- [RECORD SET]:
━━━━

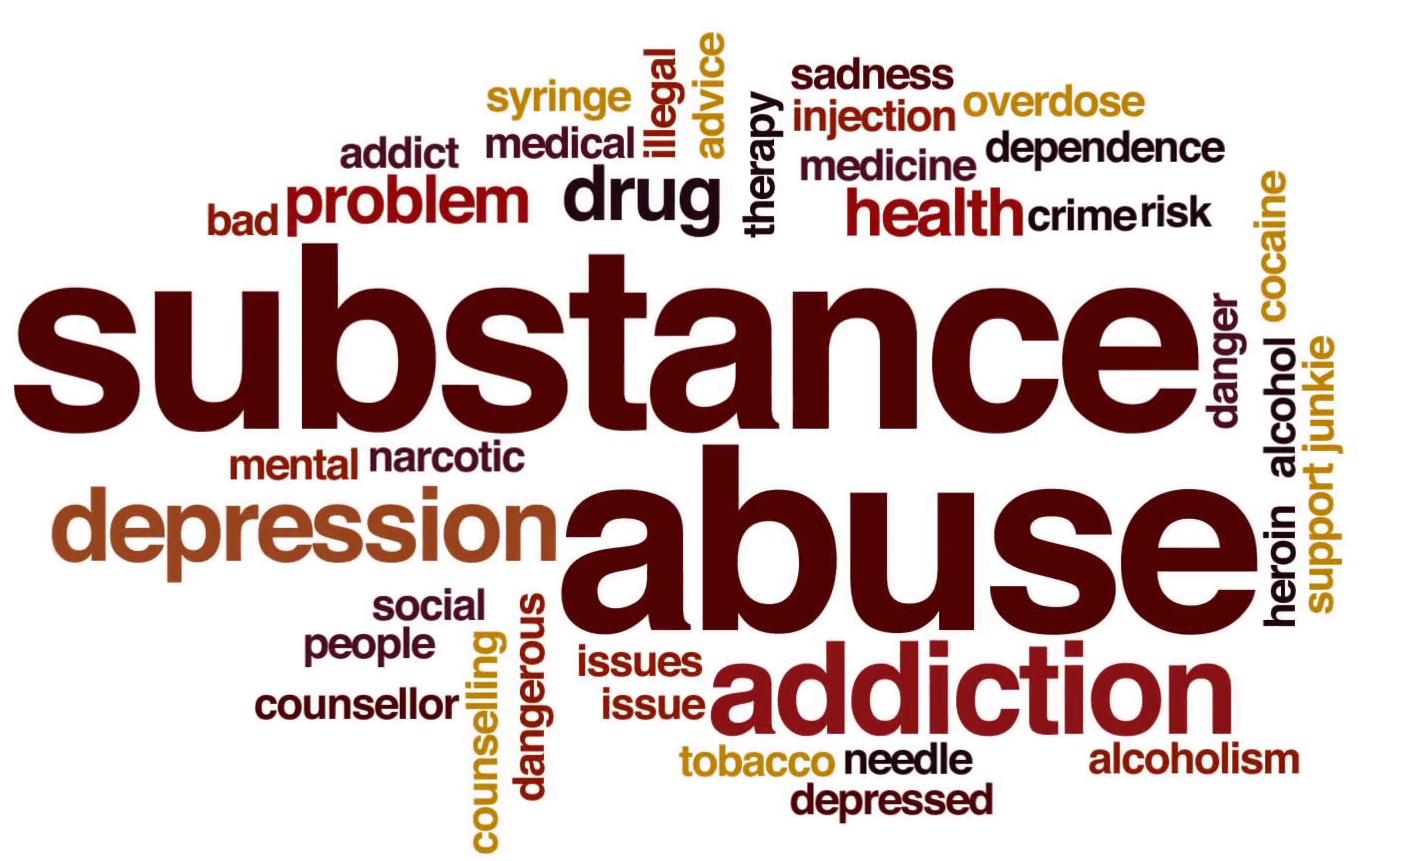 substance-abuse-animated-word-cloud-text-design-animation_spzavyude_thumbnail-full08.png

━━━━

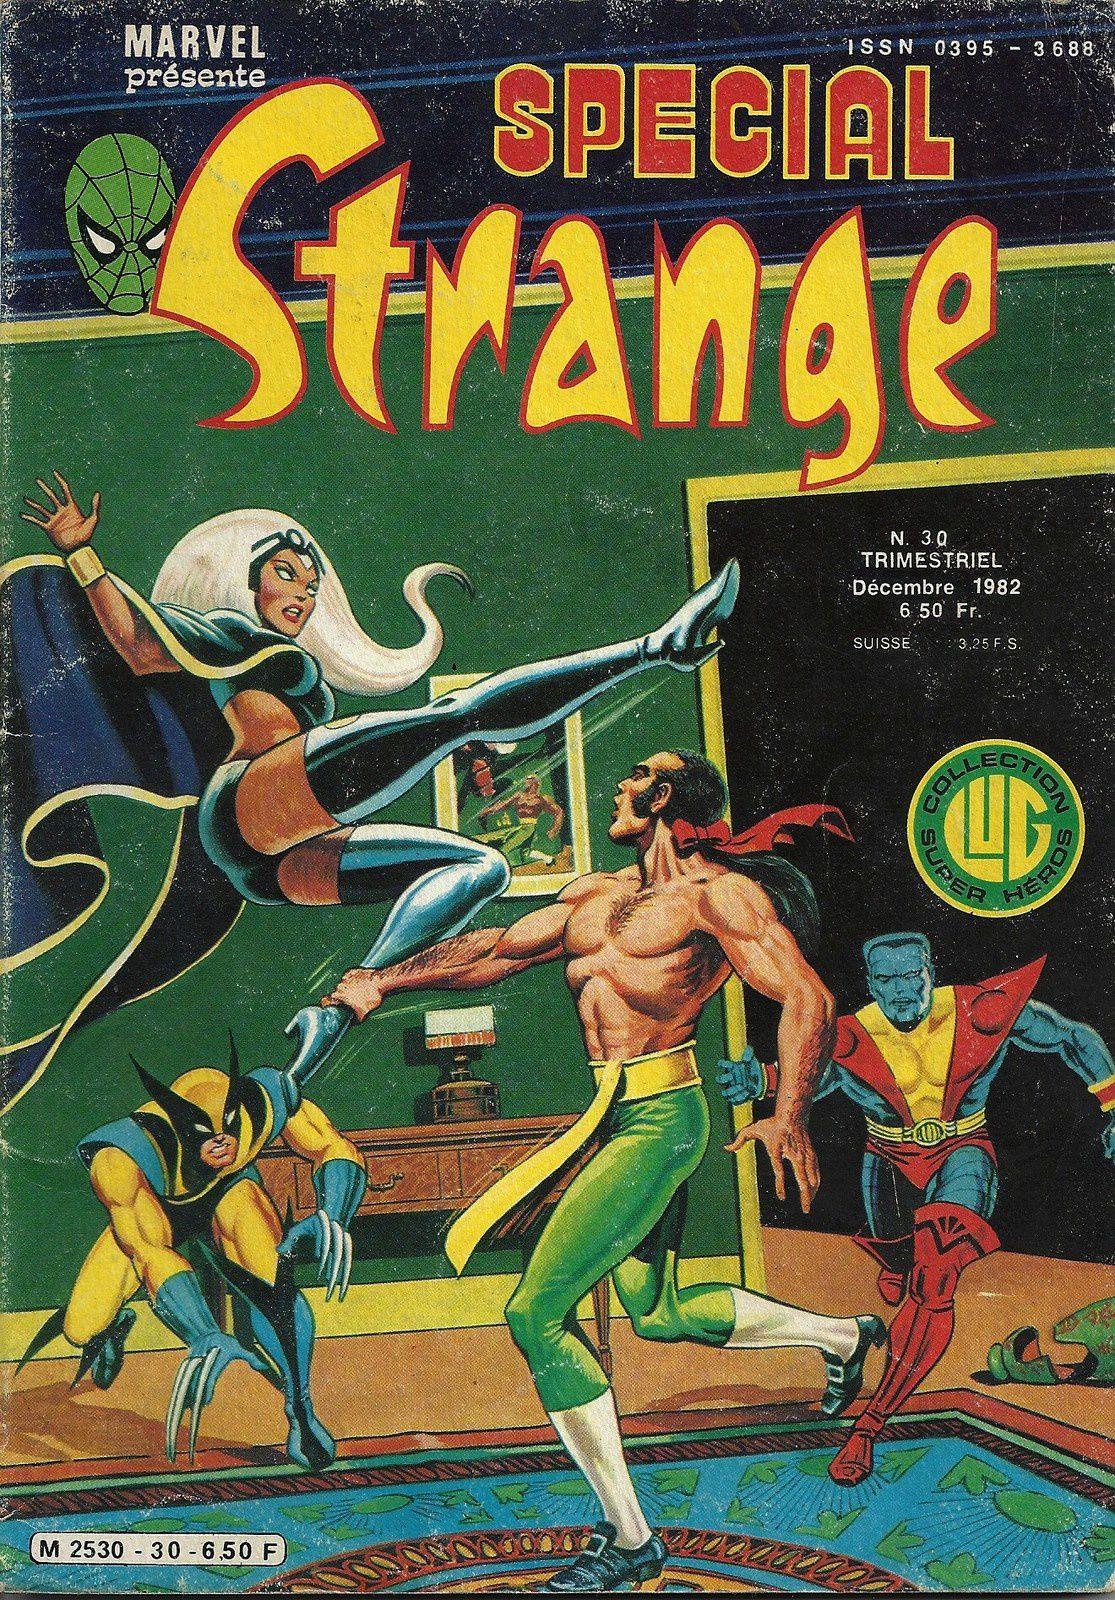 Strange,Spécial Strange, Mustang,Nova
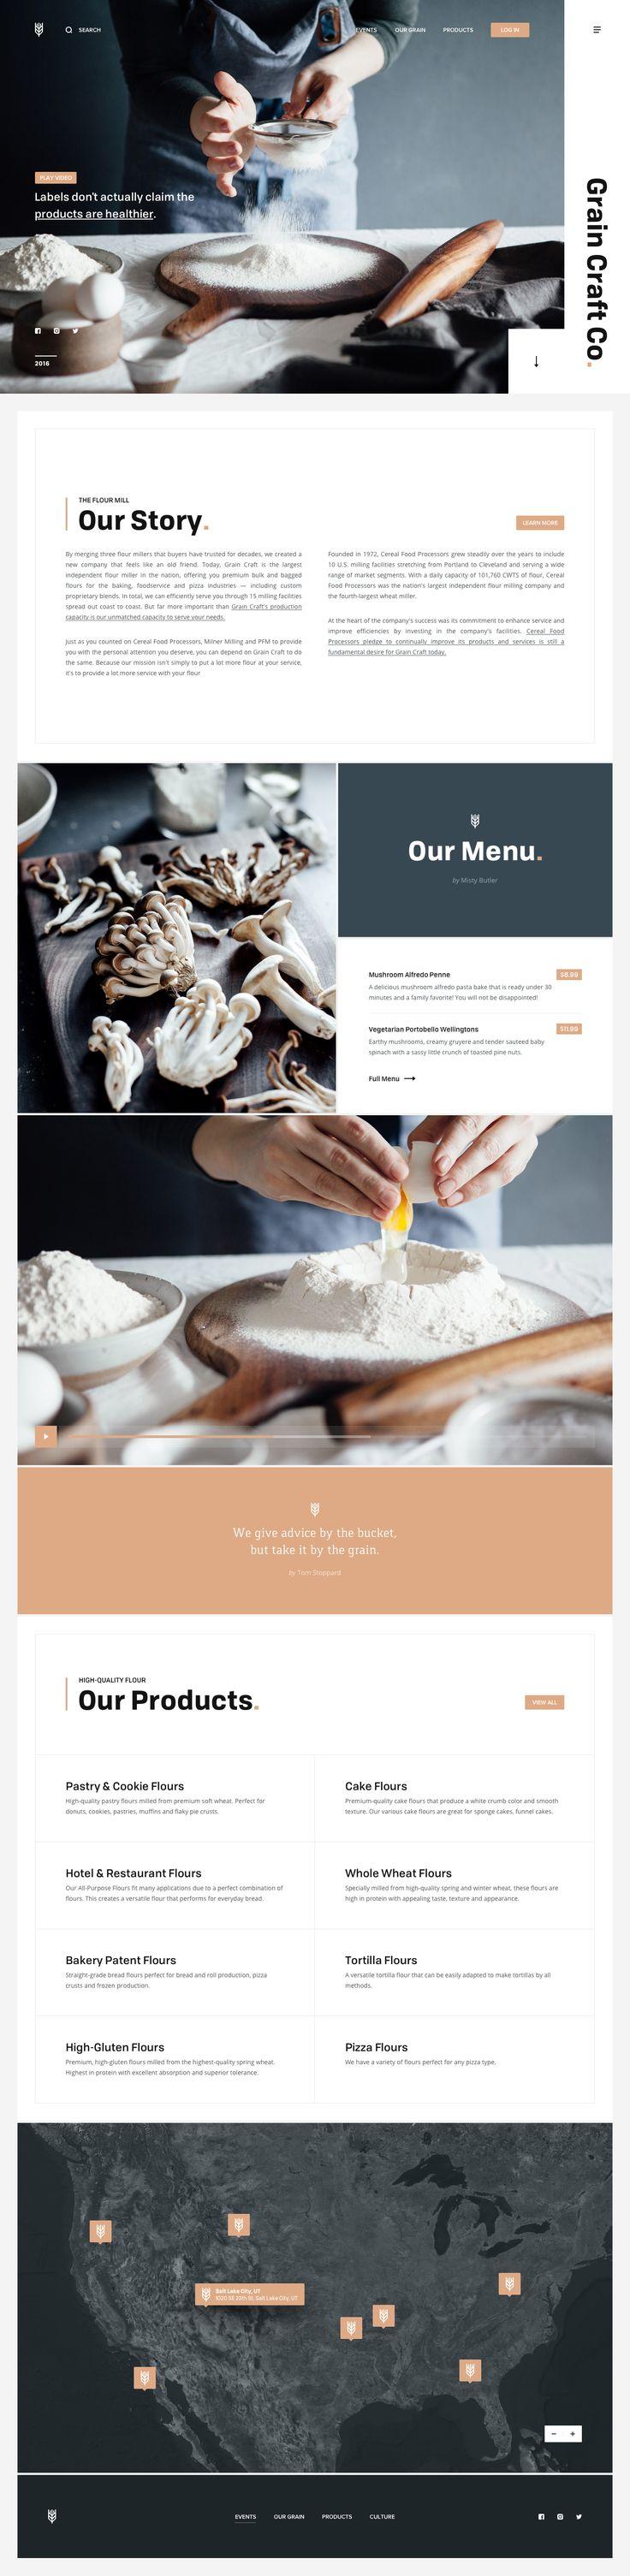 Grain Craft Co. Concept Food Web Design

━━━━

Starting at the line containing "Strange,Spécial Strange, Mustang,Nova" and stopping at the line containing "Grain Craft Co. Concept Food Web Design", output each line exactly as it appears above. Leave out the pictures.

- [OUTPUT FOR THIS TASK]:
 Strange,Spécial Strange, Mustang,Nova
 Grain Craft Co. Concept Food Web Design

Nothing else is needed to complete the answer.